What’s Next for Employers After the Supreme Court’s Vaccine Rulings?

January 14, 2022

Update (Aug. 28, 2022): Eleventh Circuit Narrows Scope of Contractor Vaccine Mandate Injunction

Update (Jan. 15, 2022): After the Jan. 14, 2022, publication of this alert, the Centers for Medicare & Medicaid Services issued updated guidance to State Survey Agency directors providing 30 days (by Feb. 13) for facilities to demonstrate that staff had their first vaccine doses and 60 days (by March 15) for facilities to demonstrate that staff are fully vaccinated in the 24 states subject to the injunctions lifted in the Supreme Court opinion.
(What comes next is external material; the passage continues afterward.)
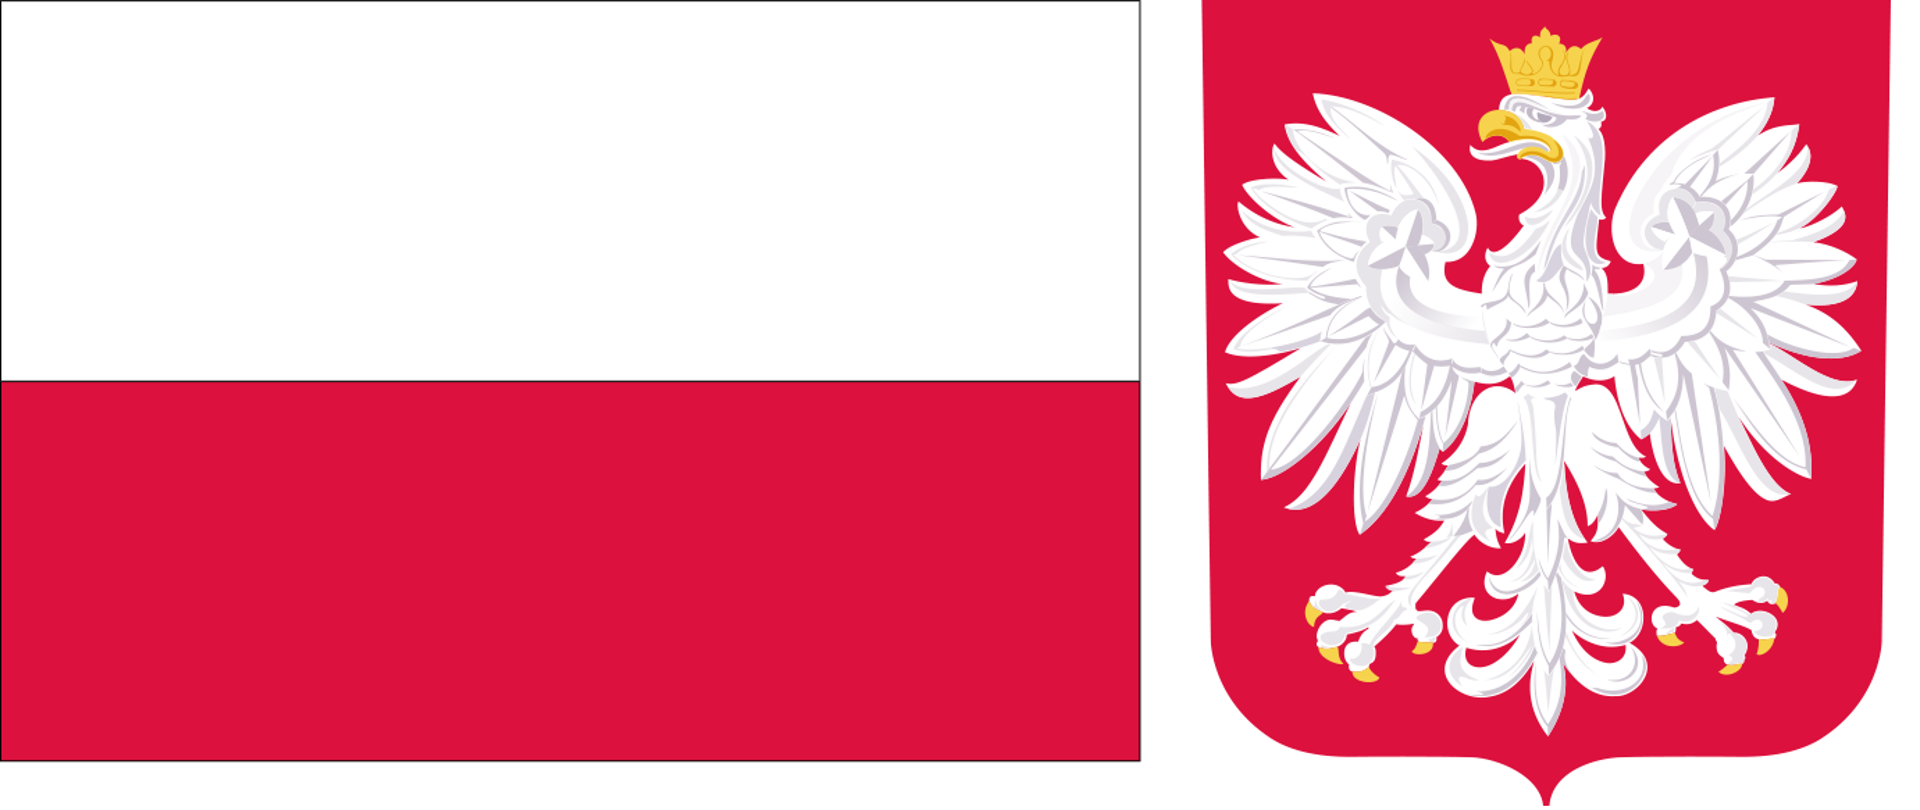 Flaga i Godło RP

This extension applies only to surveyors in the following states: Alabama, Alaska, Arizona, Arkansas, Georgia, Idaho, Indiana, Iowa, Kansas, Kentucky, Louisiana, Mississippi, Missouri, Montana, Nebraska, New Hampshire, North Dakota, Ohio, Oklahoma, South Carolina, South Dakota, Utah, West Virginia and Wyoming. Texas remains subject to an injunction, while all other U.S. states retain their current timelines (including fully vaccinated staff by Feb. 28, 2022).


On Jan. 13, 2022, the U.S. Supreme Court granted an emergency request for relief, staying the federal Occupational Safety and Health Administration’s (OSHA) emergency temporary standard (ETS), which requires employers with 100 or more employees to mandate COVID-19 vaccines or weekly testing for covered employees.

On the same day, the Court allowed the federal Centers for Medicare & Medicaid Services’ (CMS) interim final rule to be enforced, which requires mandatory COVID-19 vaccines for healthcare workers at certain CMS-covered facilities (i.e., with no testing option, except for approved medical or religious accommodations).

What Do the Court’s Decisions Say?

The Supreme Court’s decisions turn on whether the scope of OSHA’s and CMS’ authority is broad enough to allow them to issue their respective rules.

OSHA ETS Decision

The Court’s OSHA opinion in National Federation of Independent Business v. Department of Labor relies in large part on the so-called major-questions doctrine. The Court explains that it expects Congress to “speak clearly when authorizing an agency to exercise powers of vast economic and political significance.” Because there “can be little doubt” that the ETS involves the exercise of such power, the Court states that the question at issue is whether the Occupational Safety and Health (OSH) Act “plainly authorizes” the vaccine-or-test mandate. According to the Court, “It does not. The Act empowers the Secretary [of Labor] to set workplace safety standards, not broad public health measures.”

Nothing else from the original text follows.